本节我们将从三个维度测试集群的性能:
我们将把这三个测试的数据记录到以下表格:
| Benchmark | 优化前 | 优化后 | 
|---|---|---|
| Load time (lineorder) | 15m 23s | |
| Storage Use | ||
| LINEORDER | ||
| PART | ||
| CUSTOMER | ||
| DWDATE | ||
| SUPPLIER | ||
| Total storage | ||
| Query execution time | ||
| Query 1 | ||
| Query 2 | ||
| Query 3 | ||
| Total execution time | 
统计每张表占用了多少MB:
select stv_tbl_perm.name as table, count(*) as mb
from stv_blocklist, stv_tbl_perm
where stv_blocklist.tbl = stv_tbl_perm.id
and stv_blocklist.slice = stv_tbl_perm.slice
and stv_tbl_perm.name in ('lineorder','part','customer','dwdate','supplier')

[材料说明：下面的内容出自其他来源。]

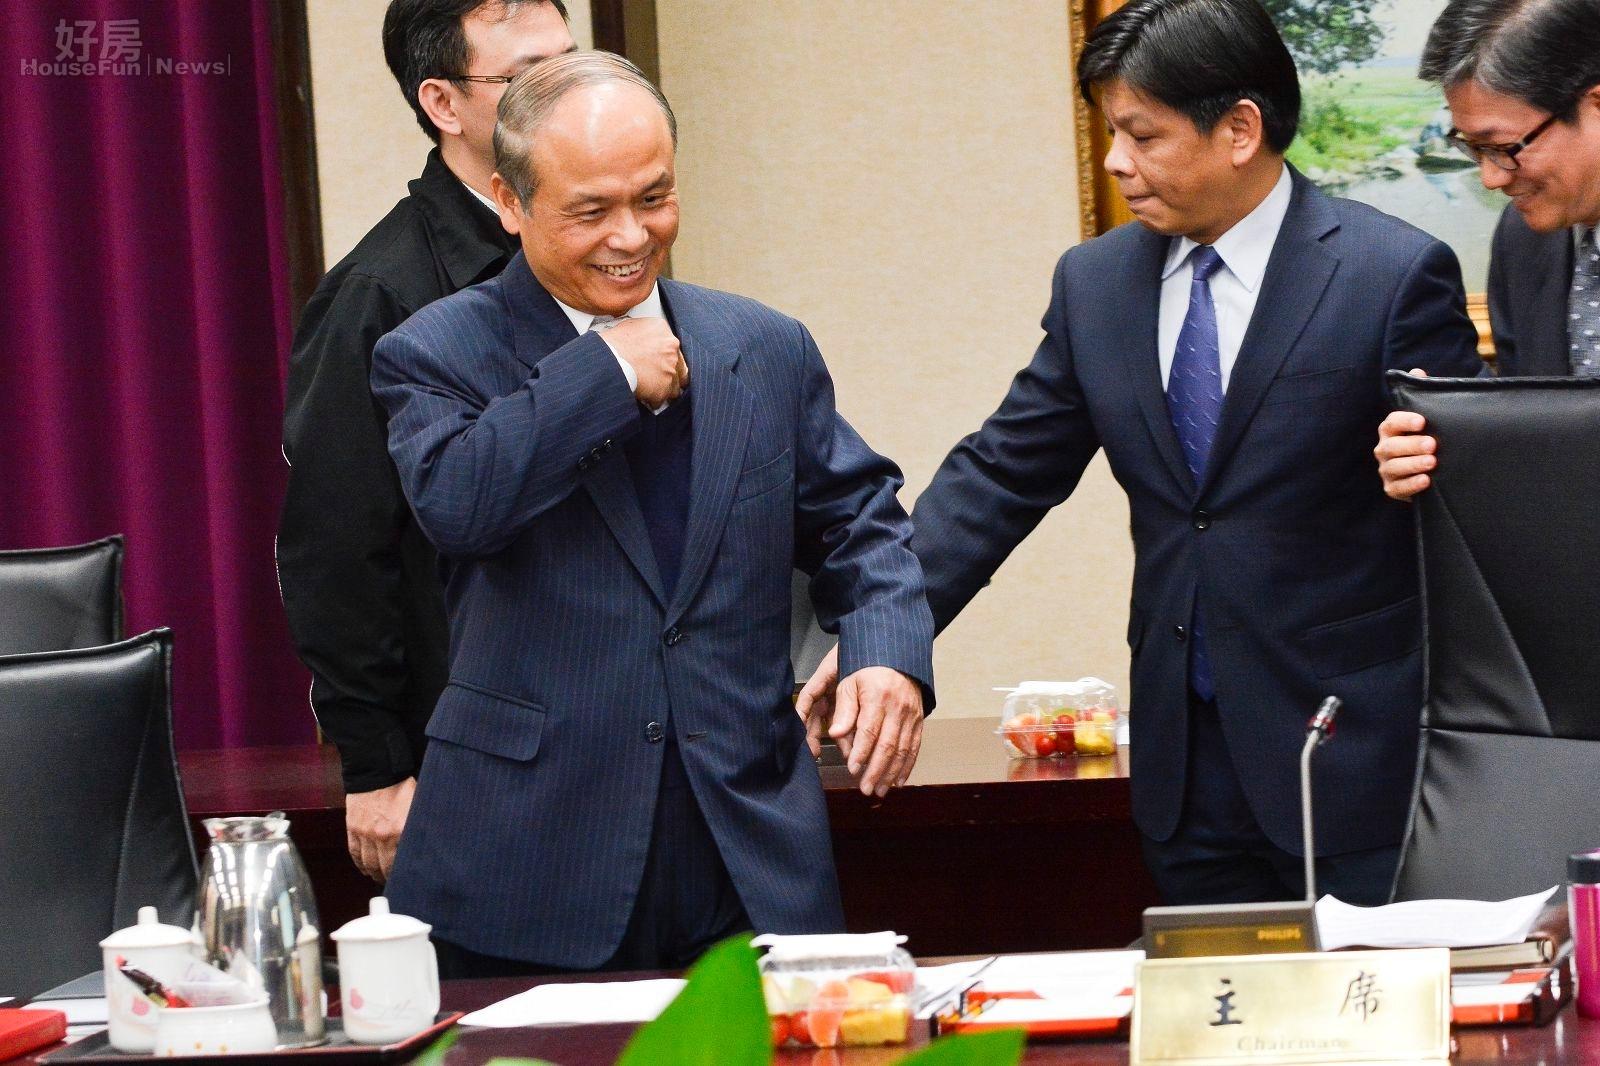 財政部長張盛和辦房地合一座談會與學者對談。(好房網News記者 陳韋帆/攝影)

group by stv_tbl_perm.name
order by 1 asc;
结果:

将结果记录到表格:
| Benchmark | 优化前 | 优化后 | 
|---|---|---|
| Load time (lineorder) | 15m 23s | |
| Storage Use(MB) | ||
| LINEORDER | 25136 | |
| PART | 88 | |
| CUSTOMER | 192 | |
| DWDATE | 40 | |
| SUPPLIER | 76 | |
| Total storage | ||
| Query execution time | ||
| Query 1 | ||
| Query 2 | ||
| Query 3 | ||
| Total execution time | 
在执行第一次SQL查询时,Redshift会进行编译,然后将编译好的命令发送到计算节点。所以,在记录SQL的执行时间时,不应该使用第一次的执行时间,要记录第二次的执行时间。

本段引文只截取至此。